This “magic circle” around the proposed facility must include at least a few major population centers from which the automaker can attract early employees, said Chris Berryman, a veteran auto specialist with the branch. economic development of the Tennessee Valley Authority.
Berryman, who recently helped lure Ford to West Tennessee for its Blue Oval City and previously landed investments from General Motors, Toyota and Volkswagen in the seven-state TVA region, said what was contained in the resulting 120-mile circle was a first requirement for any site, regardless of manufacturer.
“They all had a 60-mile radius that they wanted to look at during the site selection process, and that’s a direct correlation to that initial workforce of about 1,500 people that they need to launch their first phase of manufacturing,” Berryman said. .
“Every OEM is currently going through a workforce challenge trying to retain what they have and also trying to recruit [new workers] if they announced an expansion,” Berryman said.

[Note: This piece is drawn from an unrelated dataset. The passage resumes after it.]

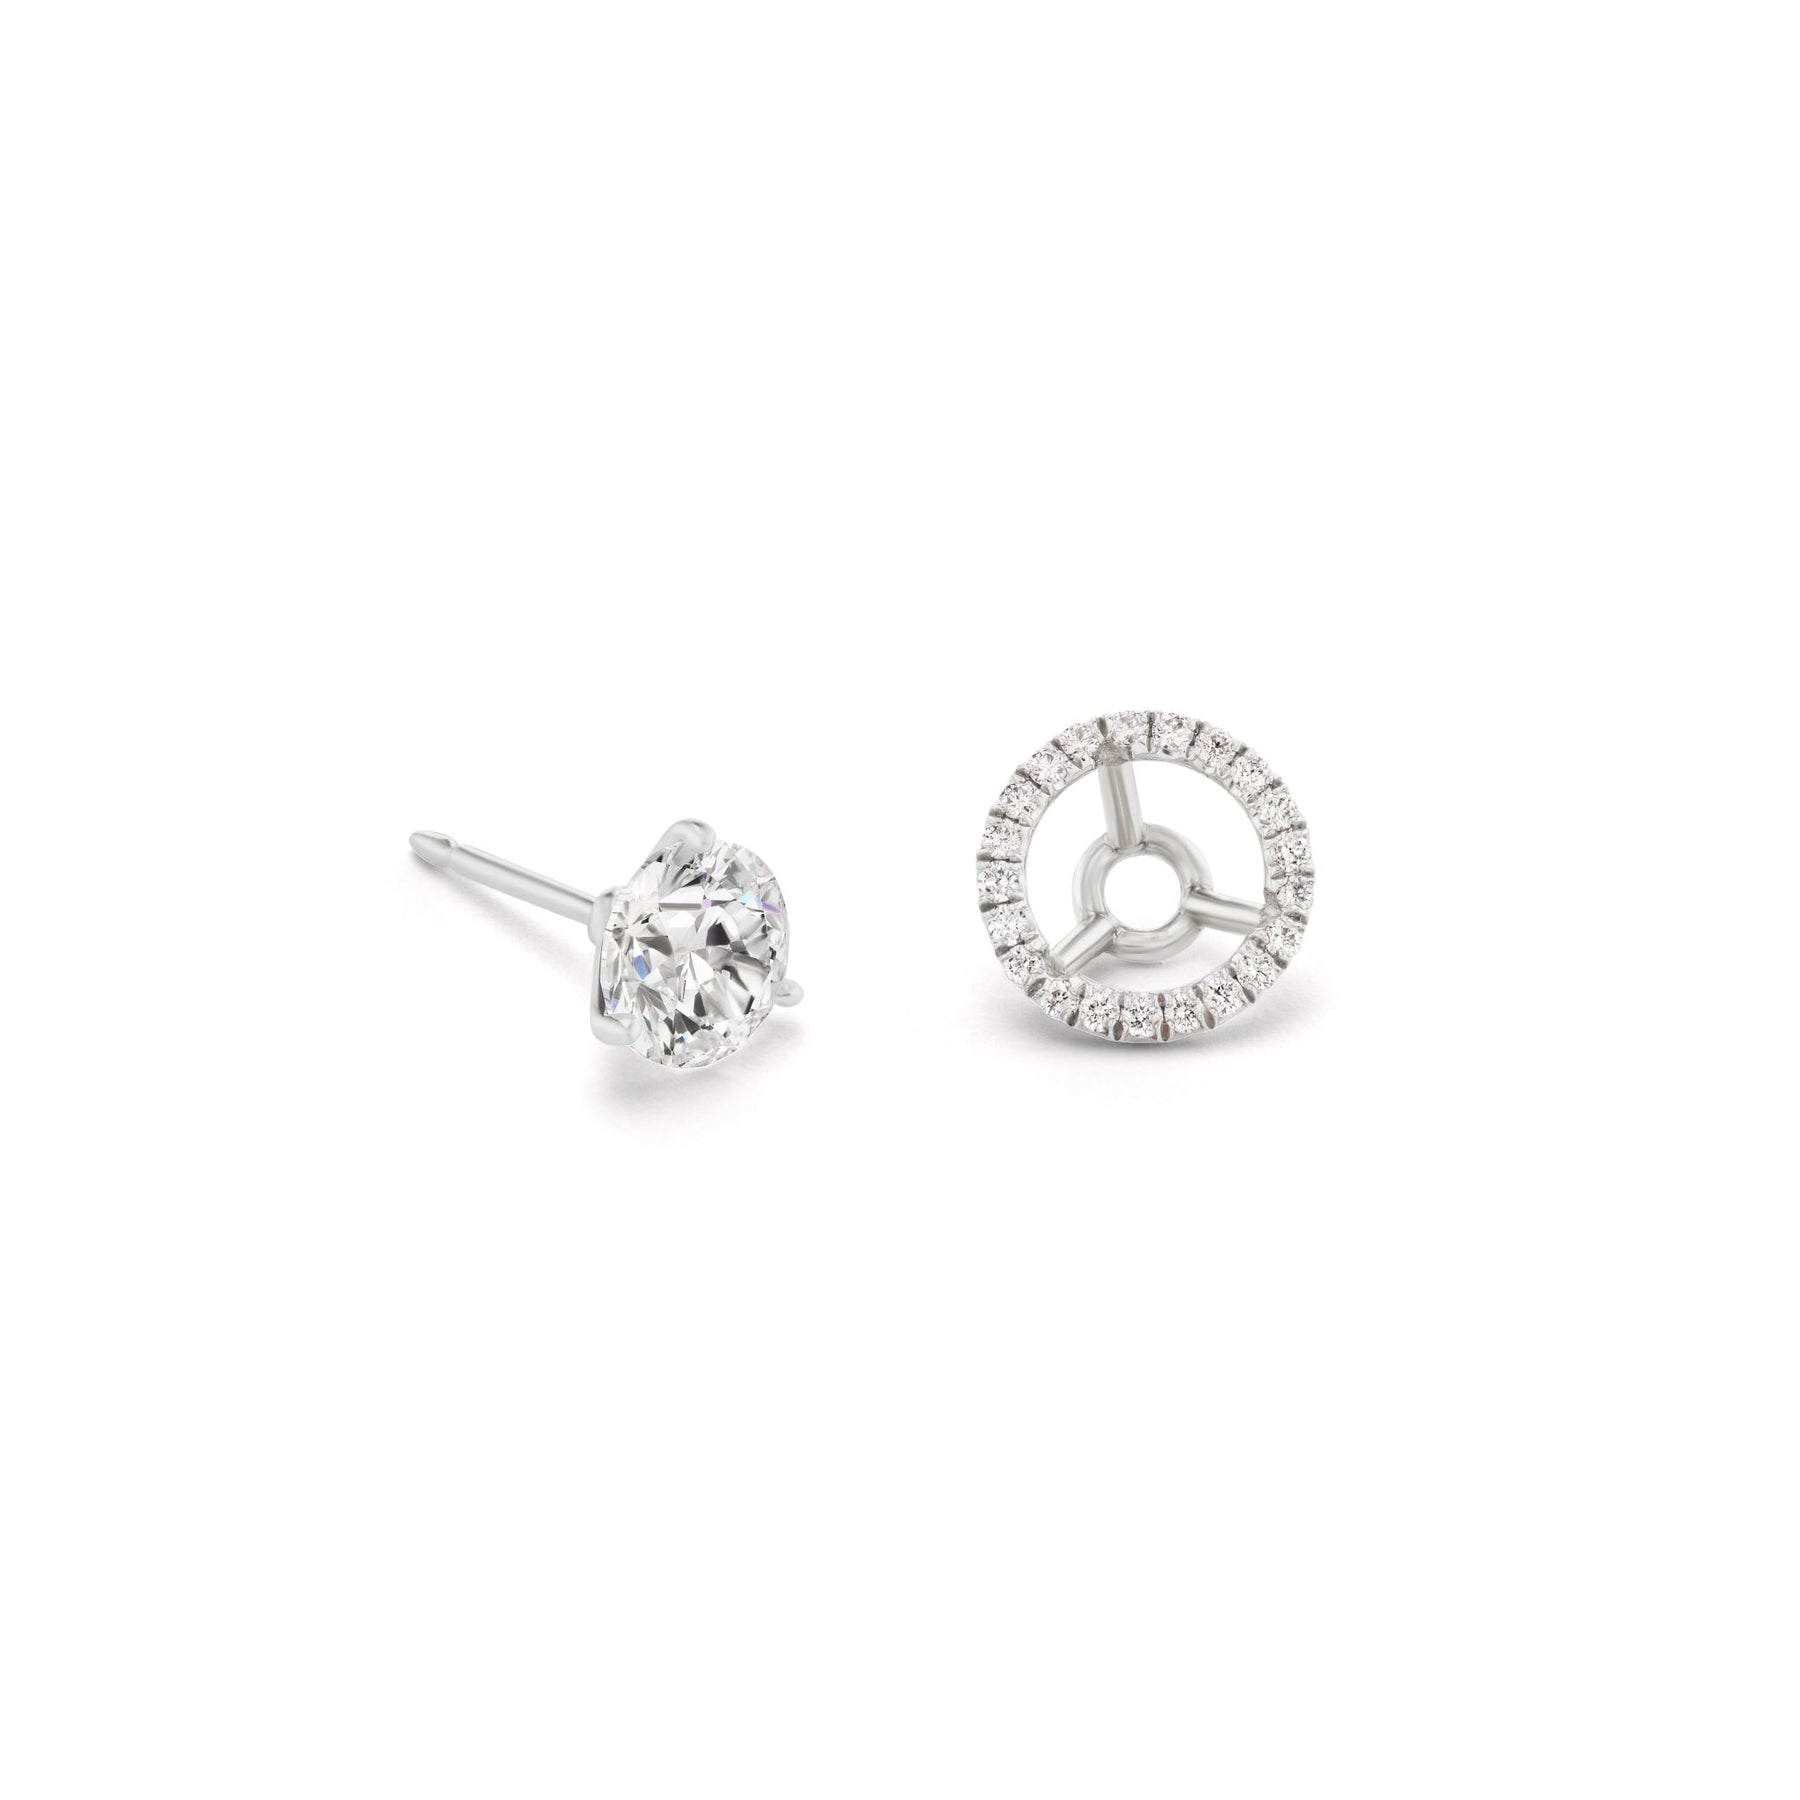 Pavé Halo Ear Jackets in Platinum with Round Brilliant Diamonds

But “what has changed is the COVID issue on OEMs. Today’s worker has a bit of a different mindset than before COVID,” forcing automakers and suppliers to offer better wages, better benefits and more flexibility in shift work. if they want their factories to continue to operate.
Sadler said companies need to get creative in order to get enough bodies into the application pipeline.
“You’re starting to see companies looking at these barriers to employment, like child care, housing burdens, transportation burdens, working hours and how can they work to be more flexible in the workplace. breaking down some of those barriers, so people have the opportunity to go to work,” she said.
The tight labor market is also helping to erase some of the historic wage advantages the Southeast used to lure so many auto factories there. “I don’t know if it’s fair to say [the wage gap] left. There’s still a gap between a metropolitan area and a rural area,” Berryman said. “But I think the gap could narrow a bit.”